Working with epidemiological data
The outbreak_data
package contains endpoints that return epidemiological data on SARS-CoV-2. We can then visualize how SARS-CoV-2 is affecting countries around the world (with the help of one of the many plotting packages available for Python).
For example, we can look at the pattern of infection counts in California during a specific point in time:
# Perform authentication
from outbreak_data import authenticate_user
authenticate_user.authenticate_new_user()

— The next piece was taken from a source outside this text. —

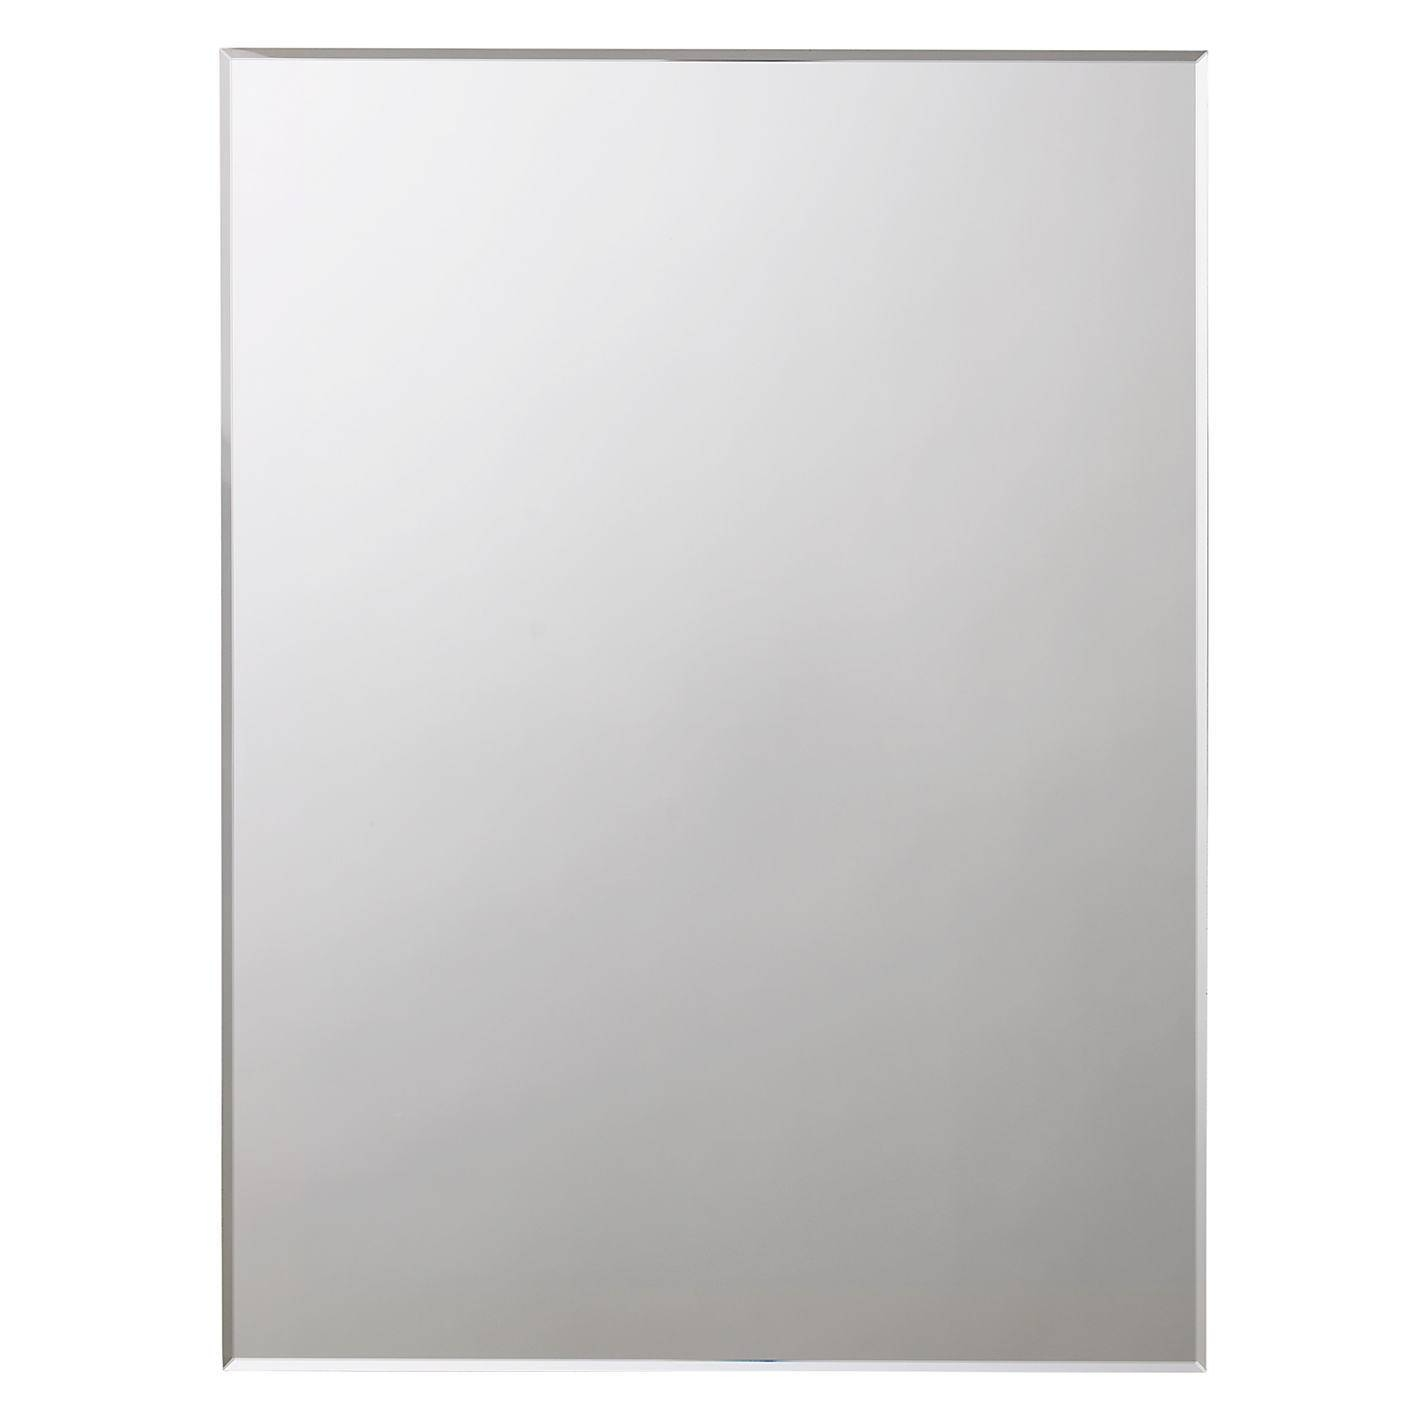 Marvelous Buy John Lewis Bevelled Edge Bathroom Mirror John Lewis Intended For Bevelled Edge Bathroom Mirrors (View 10 of 15)

# Import outbreak_data package
from outbreak_data import outbreak_data as od
import pandas as pd
# Get the number of increased cases from the previous day in California
counts_ca = od.cases_by_location('USA_US-CA')
# Formatting for graph
counts_ca= counts_ca.rename(columns={"admin1": "location"})
# Sort info by date and search within a date range
counts_ca = counts_ca.sort_values(by = "date")

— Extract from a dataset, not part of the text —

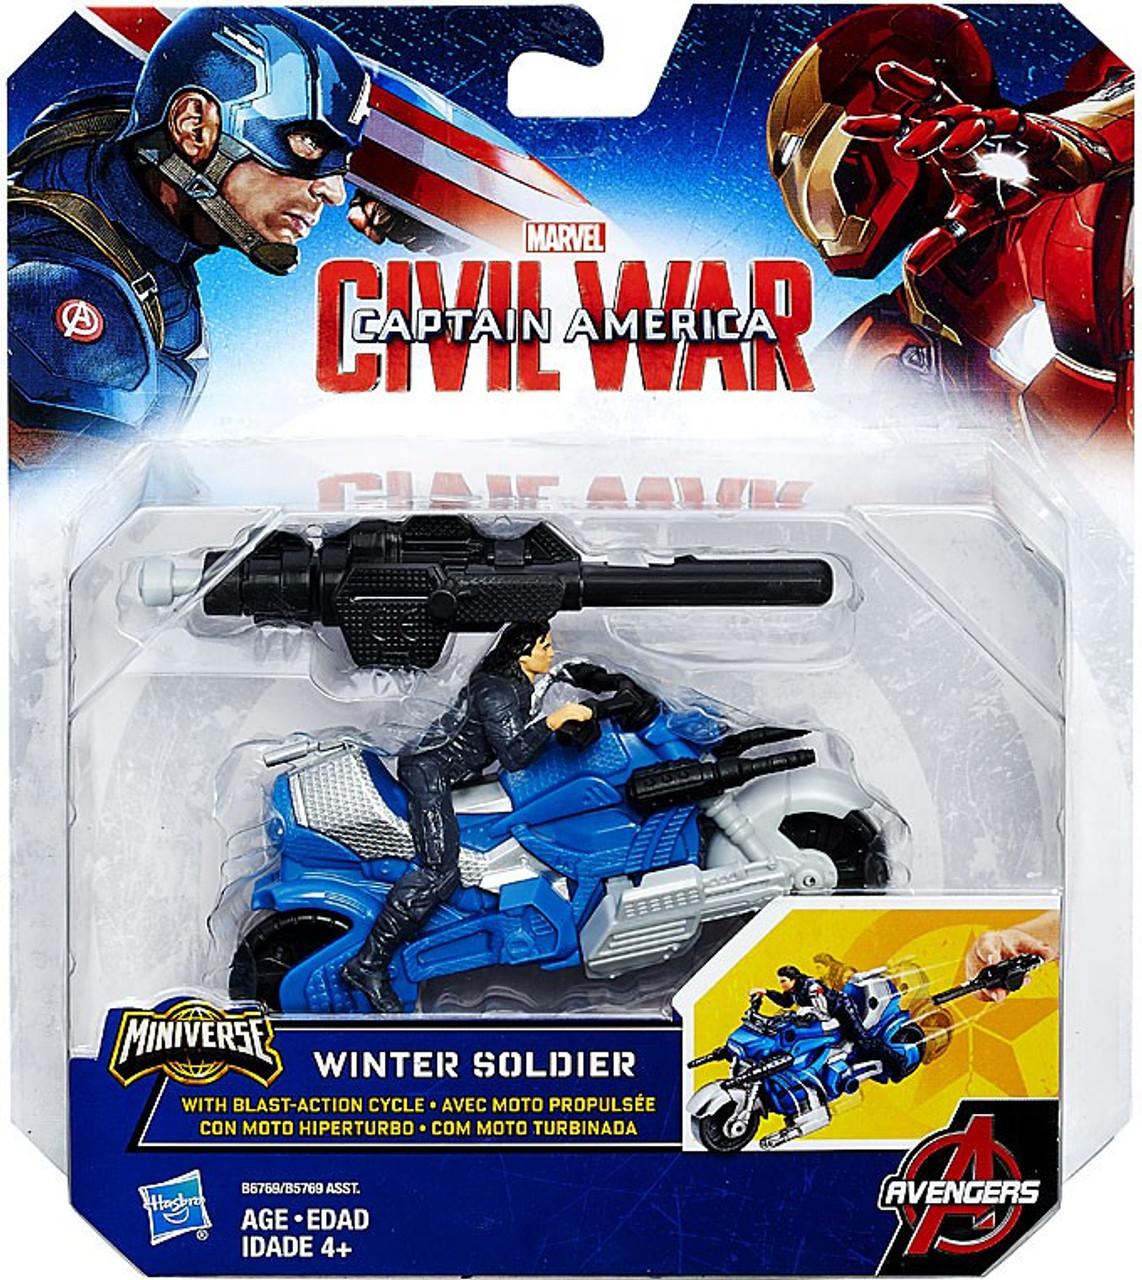 Marvel Captain America Civil War Captain America with Blast-Action 4x4

counts_ca = counts_ca.loc[counts_ca["date"].between("2021-05-15", "2021-08-15")]
print(counts_ca)
#Import visual package of choice
import altair as alt
#Graph!
alt.Chart(xbb_mutations, title = "Daily ORF1a:K47R AND S:T19I Prevalence of Lineage XBB").mark_line().encode(
x='date:T',
y=alt.Y('proportion (%):Q'),
color = 'mutations:N')
_id _score location \
621 USA_California_None2021-05-15 8.418888 California
622 USA_California_None2021-05-16 8.418888 California
623 USA_California_None2021-05-17 8.418888 California
624 USA_California_None2021-05-18 8.418888 California
625 USA_California_None2021-05-19 8.418888 California
.. ... ... ...
166 USA_California_None2021-08-11 8.419768 California
644 USA_California_None2021-08-12 8.418888 California
413 USA_California_None2021-08-13 8.418888 California
167 USA_California_None2021-08-14 8.419768 California
414 USA_California_None2021-08-15 8.418888 California
confirmed_numIncrease date
621 1504 2021-05-15
622 1087 2021-05-16
623 793 2021-05-17
624 1054 2021-05-18
625 1400 2021-05-19
.. ... ...
166 11164 2021-08-11
644 14356 2021-08-12
413 15707 2021-08-13
167 13100 2021-08-14
414 10744 2021-08-15
[93 rows x 5 columns]
We can also do the same analysis over multiple locations and visualize them all at once:
counts_ca = od.cases_by_location('USA_US-NY')
counts_ny = od.cases_by_location('USA_US-TX')
counts_fl = od.cases_by_location('USA_US-LA')
counts_wa = od.cases_by_location('USA_US-FL')
state_count = pd.concat([counts_ca, counts_ny, counts_fl, counts_wa])
state_count = state_count.rename(columns={"admin1": "location"})
state_count = state_count.sort_values(by = "date")
state_count = state_count.loc[state_count["date"].between("2020-10-15", "2021-01-15")]
#Graph it!
alt.Chart(state_count, title = " 90 Day SARS-COV-2 Case Count Increase in Four States").mark_line().encode(
x='date:T',
y=alt.Y('confirmed_numIncrease:Q'),
color = 'location:N')
Note
The Vega-Altair visualization package is used for demonstration purposes. However, any Python visual package can be used to create graphical representations of the data.